Key Role: Persistent data storage
Description: The Extent Store is the persistent bulk storage of AOS and spans all device tiers (NVME, PCIe SSD, SATA SSD, HDD) and is extensible to facilitate additional devices/tiers. Data entering the extent store is either being A) drained from the OpLog or B) is sequential/sustained in nature and has bypassed the OpLog directly. Nutanix ILM will determine tier placement dynamically based upon I/O patterns, number of accesses of data and weight given to individual tiers and will move data between tiers.

Note

Sequential Write Characterization

Write IO is deemed as sequential when there is more than 1.5MB of outstanding write IO to a vDisk. IOs meeting this will bypass the OpLog and go directly to the Extent Store since they are already large chunks of aligned data and won't benefit from coalescing.

This is controlled by the following Gflag: vdisk_distributed_oplog_skip_min_outstanding_write_bytes.

All other IOs, including those which can be large (e.g. >64K) will still be handled by the OpLog.

Autonomous Extent Store (AES)

Key Role: Persistent data storage
Description: The Autonomous Extent Store (AES) is a method for writing / storing data in the Extent Store. It leverages a mix of primarily local + global metadata (more detail in the ‘Scalable Metadata’ section following) allowing for much more efficient sustained performance due to metadata locality. For sustained random write workloads, these will bypass the OpLog and be written directly to the Extent Store using AES. For bursty random workloads these will take the typical OpLog I/O path then drain to the Extent Store using AES where possible.

In AOS 6.8, an enhancement to AES was introduced called AES Optimized Metadata to improve performance and maximize resource utlization for all-flash and NVMe clusters. It was built to reduce CPU usage and drive the performance for sustained random writes going to the Extent Store. With AES Optimized Metadata, writes are batched into fewer transaction updates. This helps in reducing the number of disk operations needed to persist sustained random writes to the extent store. This translates to more optimized CPU usage through fewer cycles consumed and drives higher sustained random write performance on all-flash and NVME clusters.

Unified Cache

Key Role: Dynamic read cache
Description: The Unified Cache is a read cache which is used for data, metadata and deduplication and stored in the CVM’s memory. Upon a read request of data not in the cache (or based upon a particular fingerprint), the data will be read from the extent store and will also be placed into the single-touch pool of the Unified Cache which completely sits in memory, where it will use LRU (least recently used) until it is evicted from the cache.
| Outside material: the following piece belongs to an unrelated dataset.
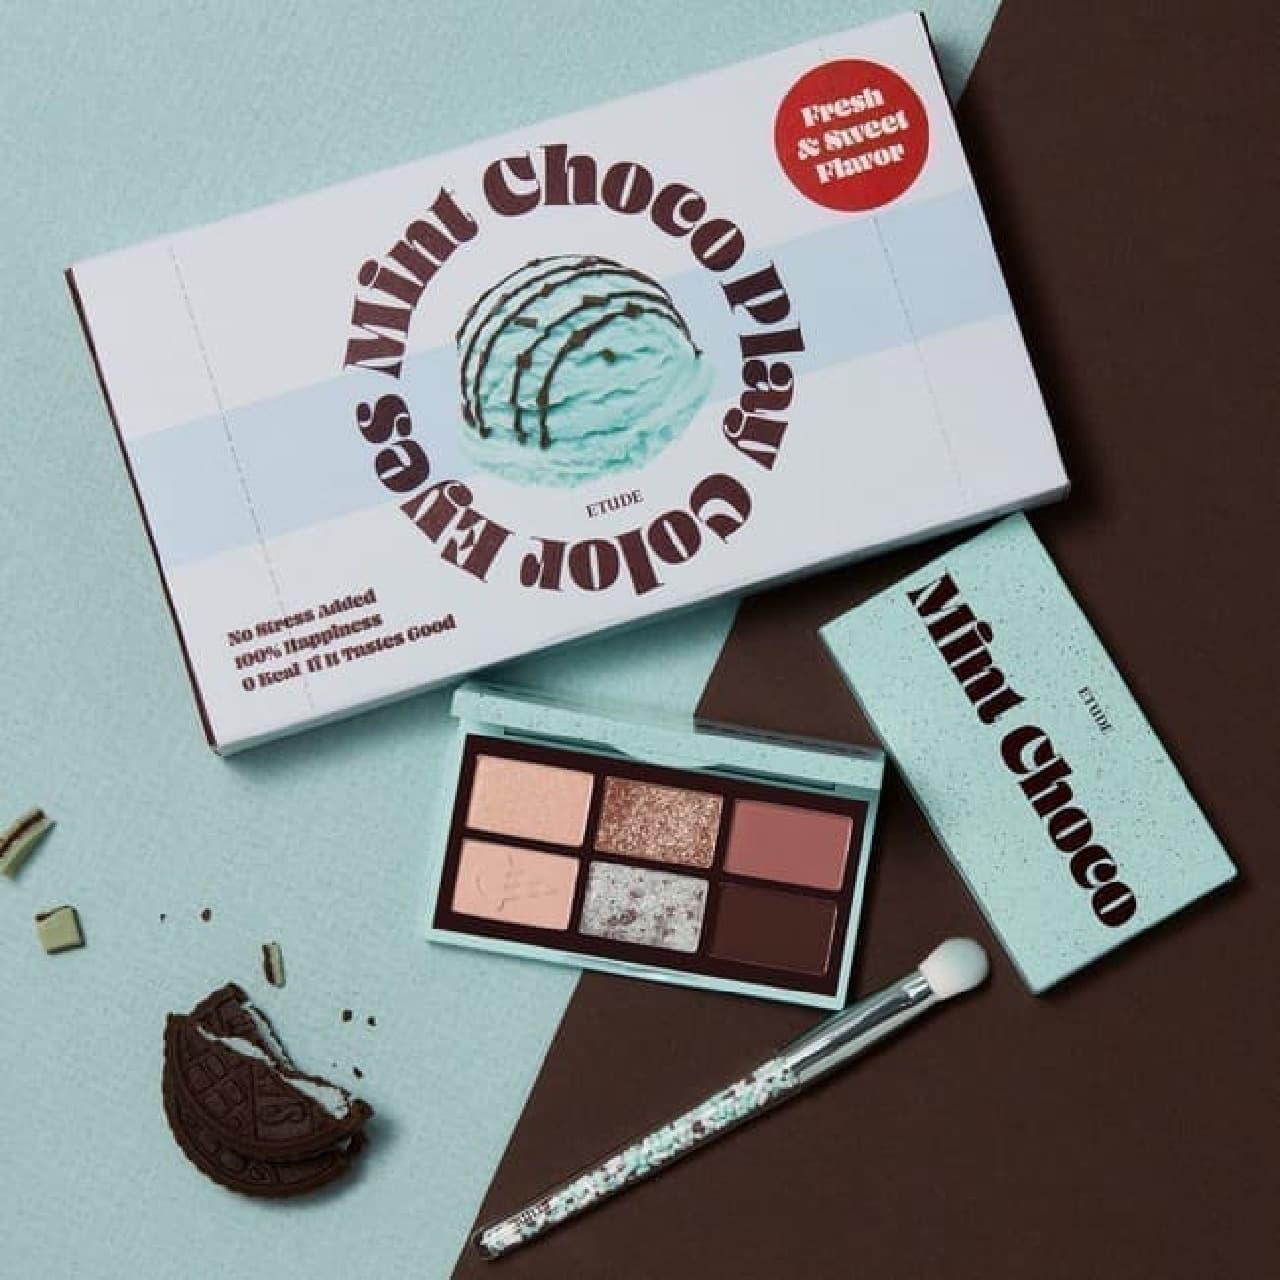 エチュードハウス「プレイカラーアイズミニ チョコミント」「チョコミント スペシャルキット」

Any subsequent read request will “move” (no data is actually moved, just cache metadata) the data into the multi-touch pool. Any read request for data in the multi-touch pool will cause the data to go to the peak of the multi-touch pool where it will be given a new LRU counter. Cache size can be calculated using the following formula: ((CVM Memory - 12 GB) * 0.45). For example a 32GB CVM would have the following cache size: ((32 - 12)*0.45) == 9GB.

The following figure shows a high-level overview of the Unified Cache:

AOS Unified Cache

Note

Cache Granularity and Logic

Data is brought into the cache at a 4K granularity and all caching is done real-time (e.g. no delay or batch process data to pull data into the cache).

Each CVM has its own local cache that it manages for the vDisk(s) it is hosting (e.g. VM(s) running on the same node). When a vDisk is cloned (e.g. new clones, snapshots, etc.) each new vDisk has its own block map and the original vDisk is marked as immutable. This allows us to ensure that each CVM can have it's own cached copy of the base vDisk with cache coherency.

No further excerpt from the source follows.